── ENTRIES SUPPLIED ──
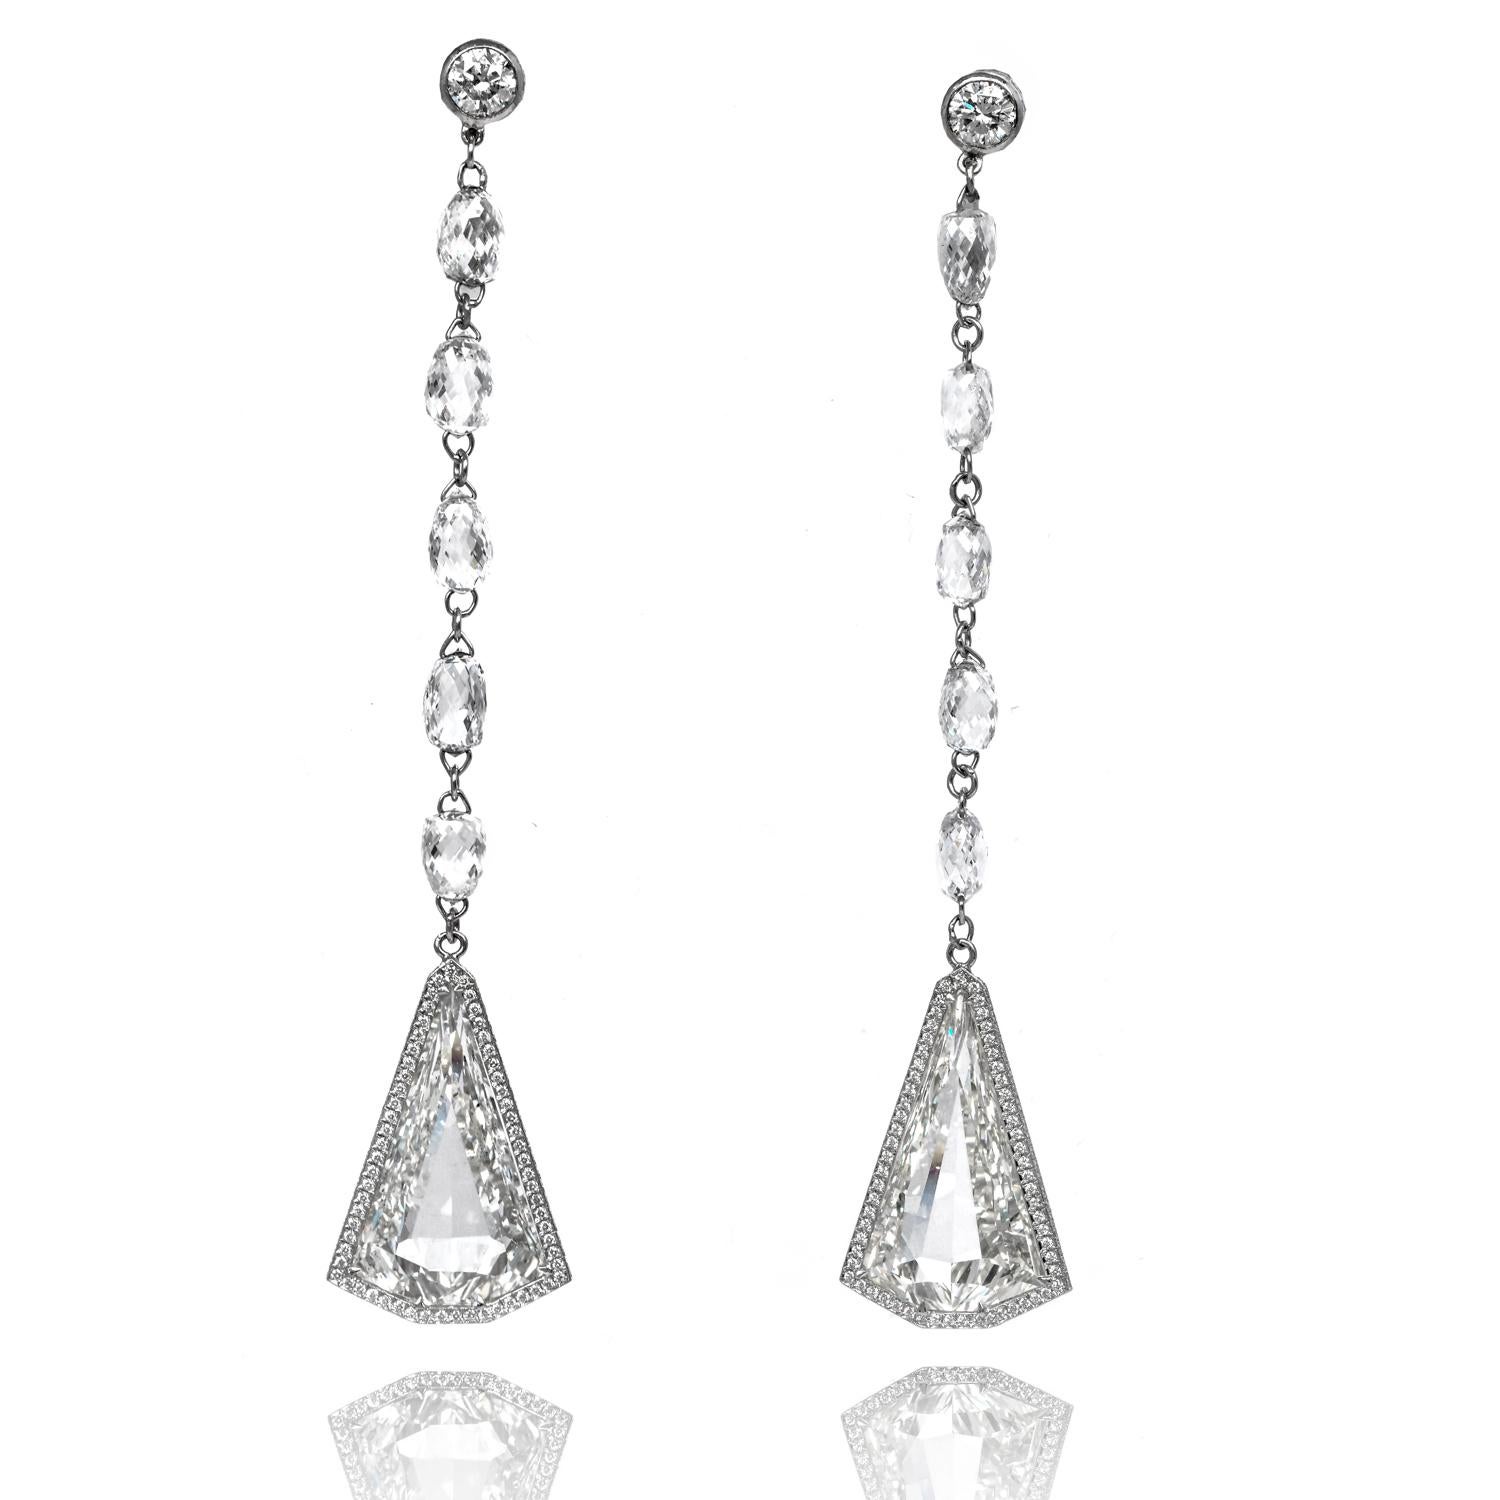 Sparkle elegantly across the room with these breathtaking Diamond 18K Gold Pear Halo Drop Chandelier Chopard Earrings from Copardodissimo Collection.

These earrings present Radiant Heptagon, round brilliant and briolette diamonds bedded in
───
── ENTRIES SUPPLIED ──
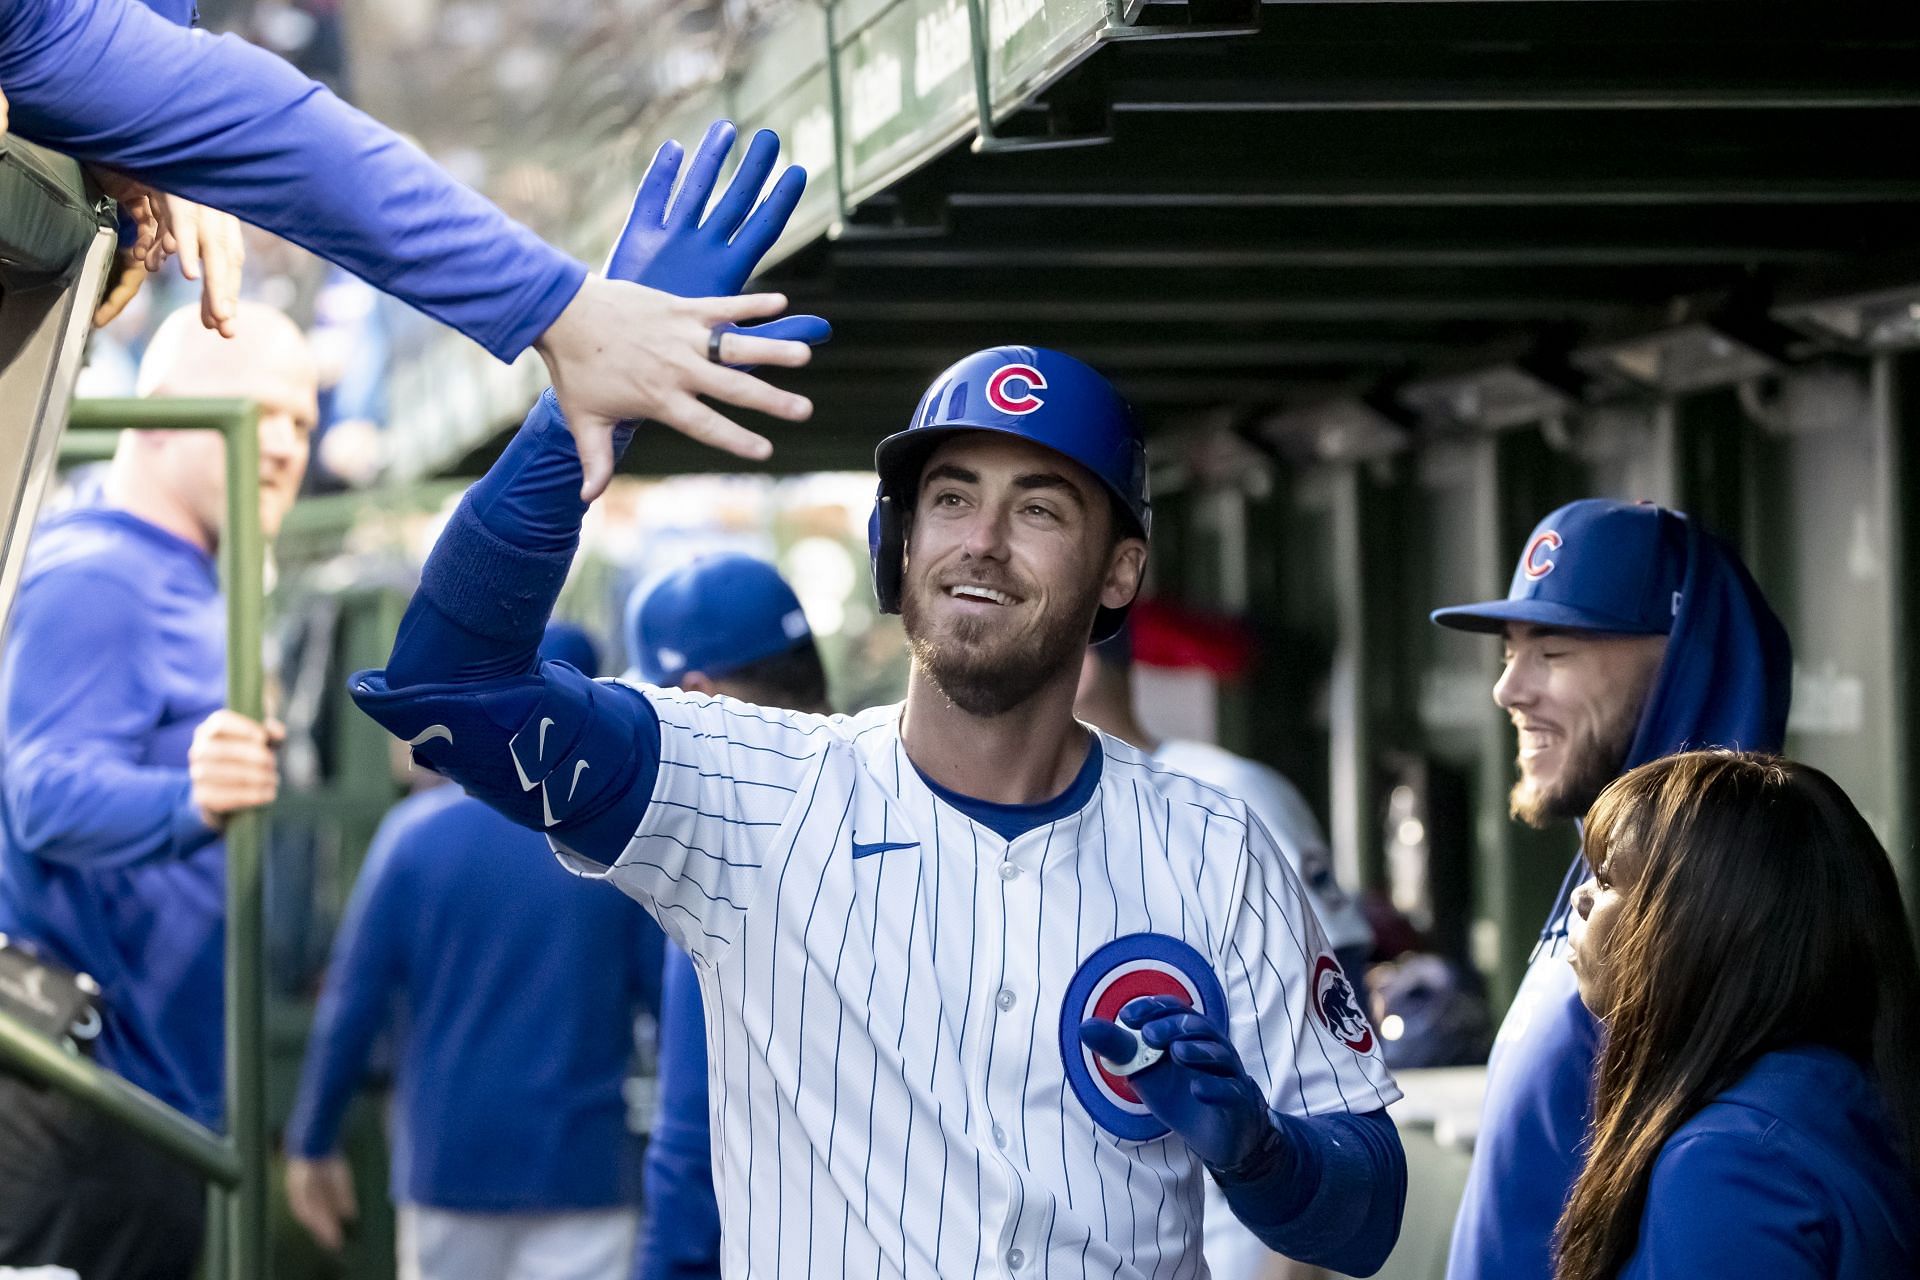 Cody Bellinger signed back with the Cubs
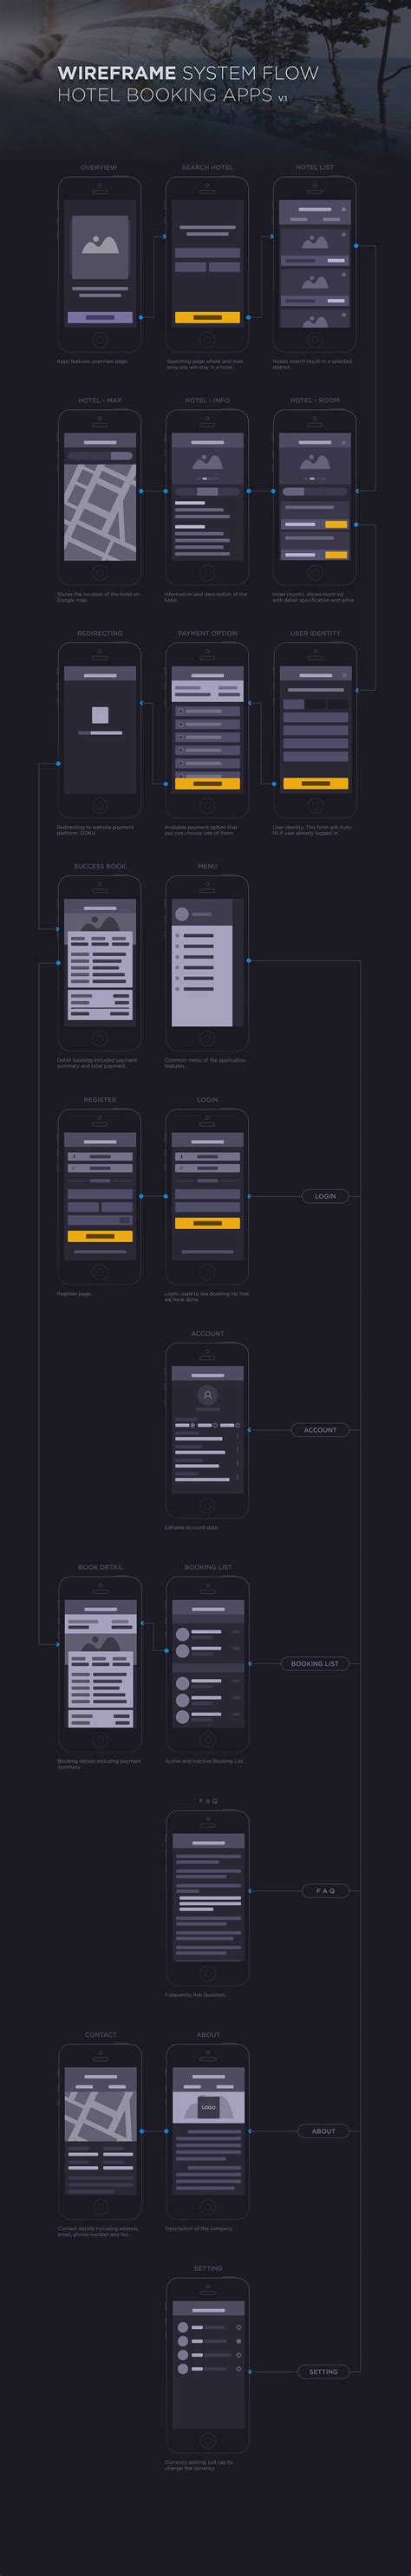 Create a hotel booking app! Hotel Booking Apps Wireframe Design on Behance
───
WHAT IS EXPECTED:
Would you please reproduce the entries above, starting at the line with "Sparkle elegantly across" and stopping after the line with "These earrings present Radiant"? Omit any pictures.

YOUR SOLUTION:
 Sparkle elegantly across the room with these breathtaking Diamond 18K Gold Pear Halo Drop Chandelier Chopard Earrings from Copardodissimo Collection.

These earrings present Radiant Heptagon, round brilliant and briolette diamonds bedded in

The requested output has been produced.